In the correction of under-weight details are all-important. Patients must be given specific directions as to what and how much of the various foods they should take. With regard to supposed idiosyncrasies against such nutritious substances as eggs, milk and butter, enough is said elsewhere to make it clear that, as a rule, these are merely pet notions, beginning in some unfortunate incident and cherished until they have become a mental persuasion strong enough to disturb the digestion of these substances. What is true for quality of food is true also for quantity. People must be made to understand that the amount of food is to be increased. The results attained by this method are well worth the efforts required for it. Of course, the bitter tonics, especially strychnin and cinchona, will do much to help. Just as soon as patients begin to gain in weight many of their neurotic symptoms leave them. Their tired feelings are no longer complained of and when they are up to normal weight they are quite other individuals, both in good humor and efficiency.
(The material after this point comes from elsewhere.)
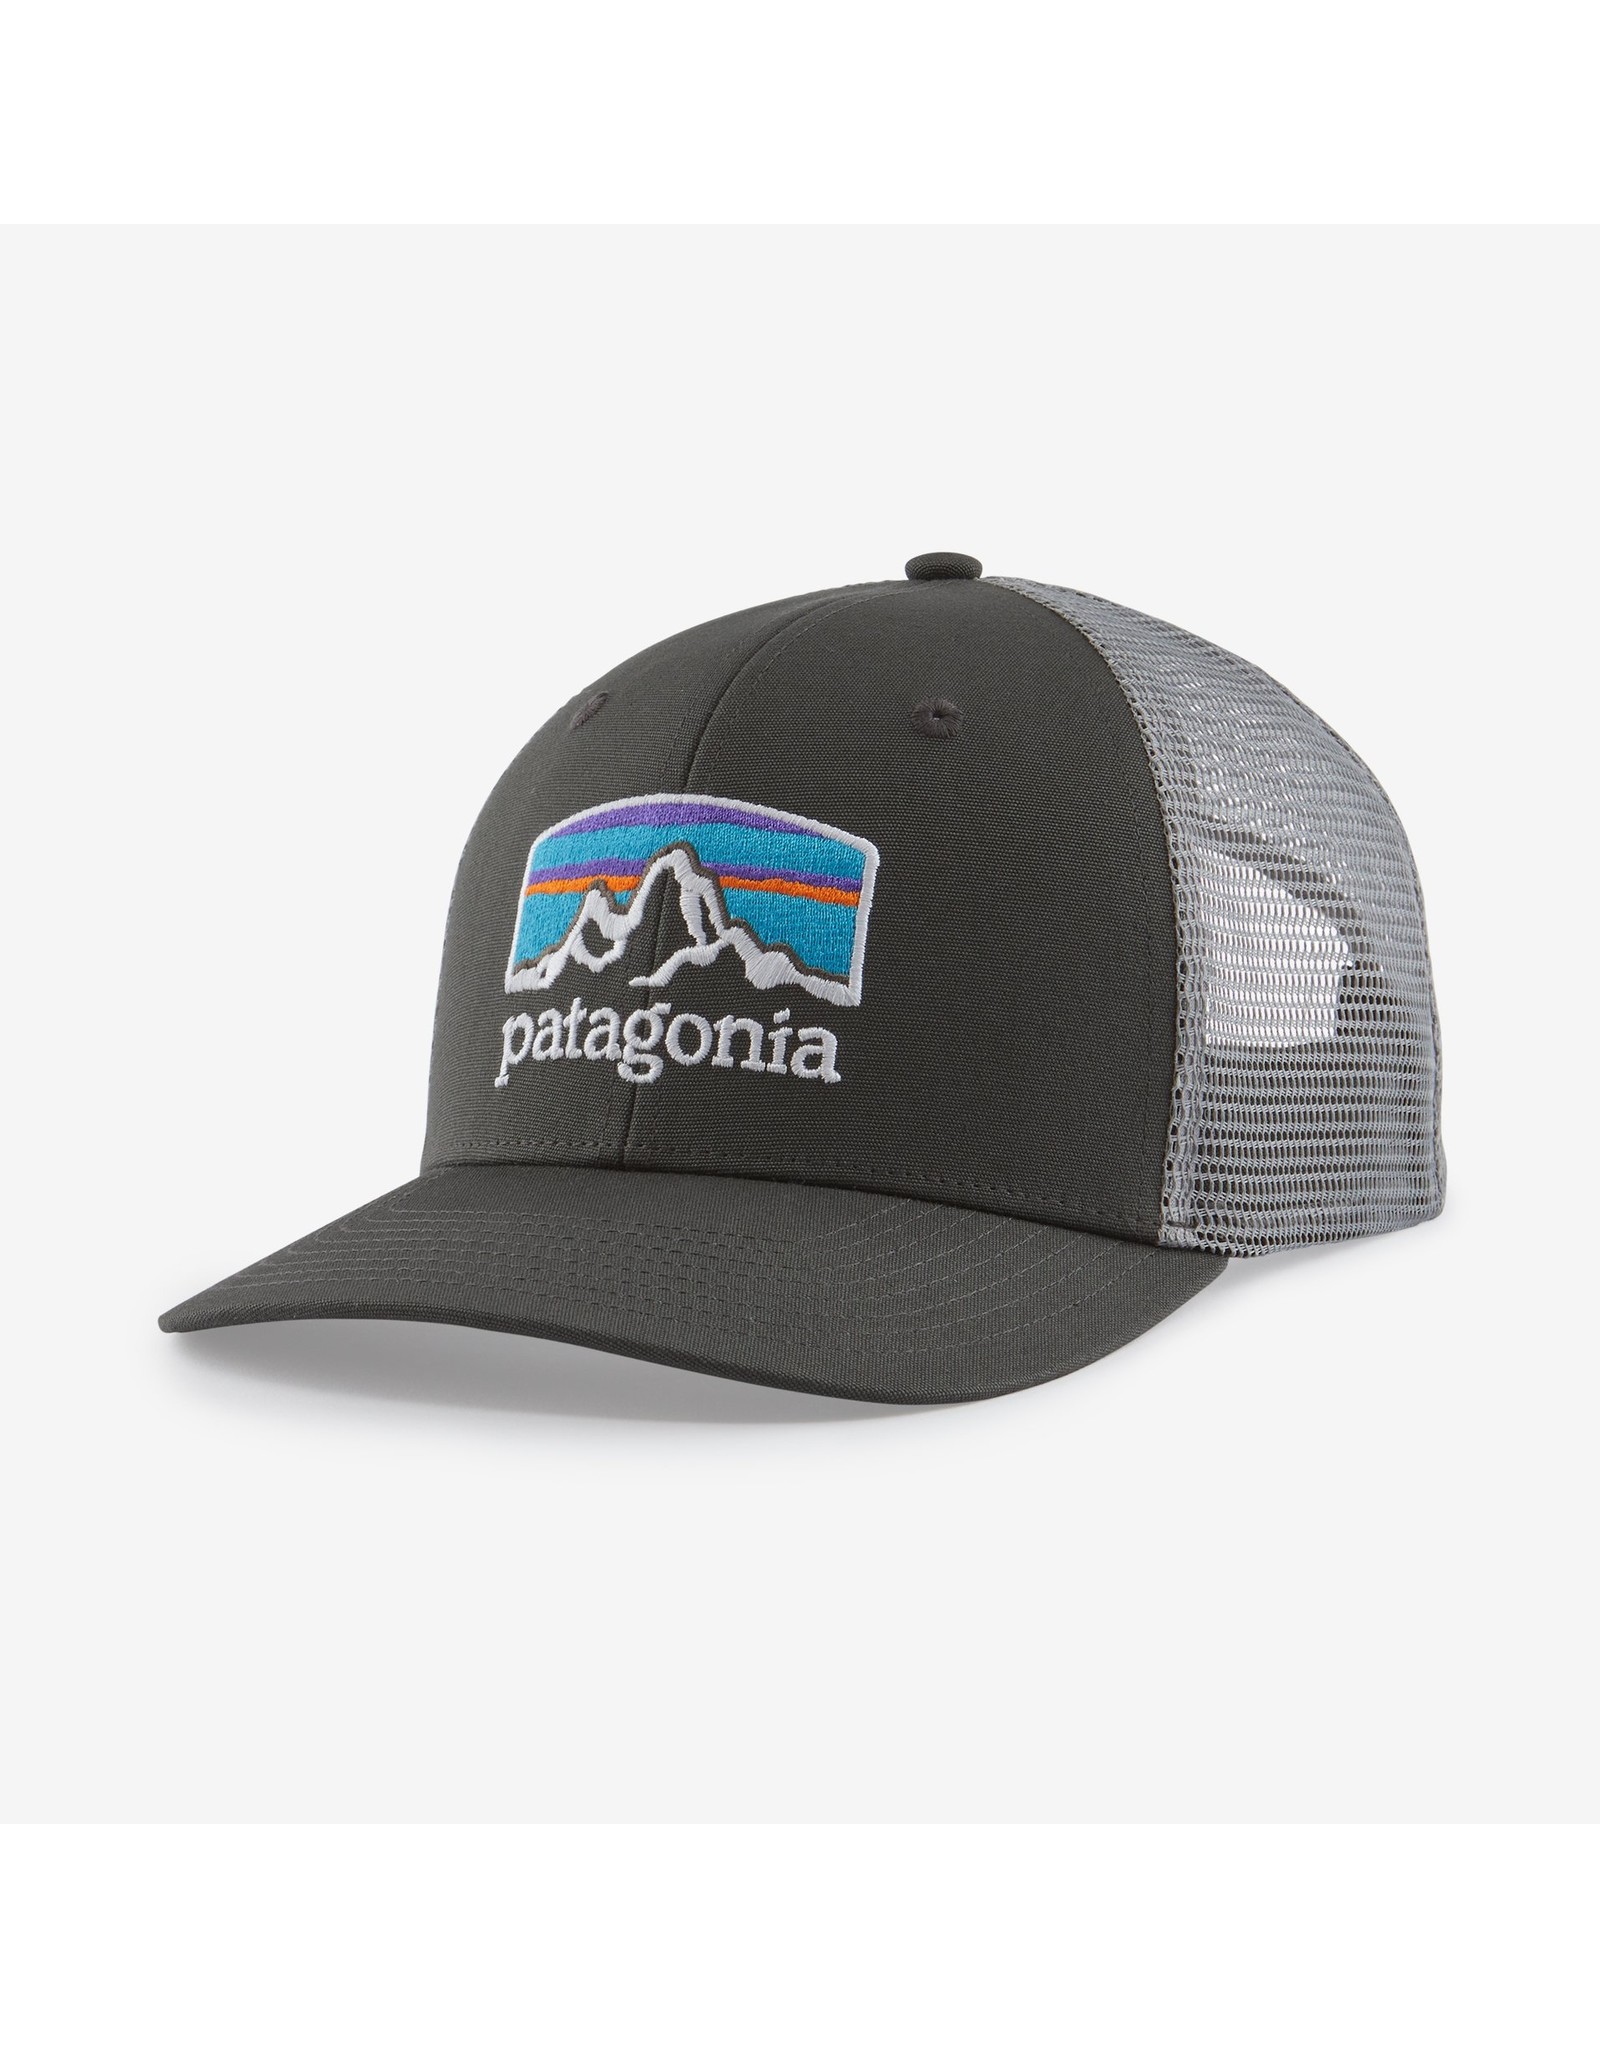 Patagonia Patagonia Fitz Roy Trucker Hat Forge Grey

If for years patients have been eating less than they should, then they will have discomfort when they begin to eat more. They will have no more discomfort, however, than would be occasioned if they took more exercise than they had been accustomed to. The stomach and intestines must be gradually accustomed to the new task of disposing of more food. Unfortunately, the usual impression among these patients is that discomfort in the abdominal region, by which they mean any sense of fullness, proceeds from indigestion, and indigestion signifies developing dyspepsia with all the horrors that are supposed to go with it. In reality the slight discomfort which comes from increased eating is usually not manifest whenever the patients are occupied with something reasonably interesting. After a time the organs will become accustomed to it, and then the discomfort will cease.

Nervous Patients.—One of the strongest suggestions that we have in our power for thin nervous patients, suffering from many and various ills, is to have them gain in weight. Many of them will be found to be distinctly under weight for their height. They insist that they cannot eat more, that they are eating as much as they care to, and that they have no appetite, that when they eat more they have discomfort, etc. It must be made clear to them that their one easy road to health is to gain in weight. If they are under weight this makes a very definite purpose to put before their minds. The objection so often urged, that they come from a thin family, must not be listened to. The unalterable purpose to make them gain in weight must be insisted upon. If they can be made to eat more than they have been [{302}] eating before, they will surely gain in weight. To see themselves gaining in weight is a daily renewal of the suggestion that they will be better when they get up to their normal weight. It is much better than electricity or the rest cure, or anything else that I know; it is perfectly natural and, above all, because it may be made an auto-suggestion, it does not leave the patient after a time dependent on anyone else.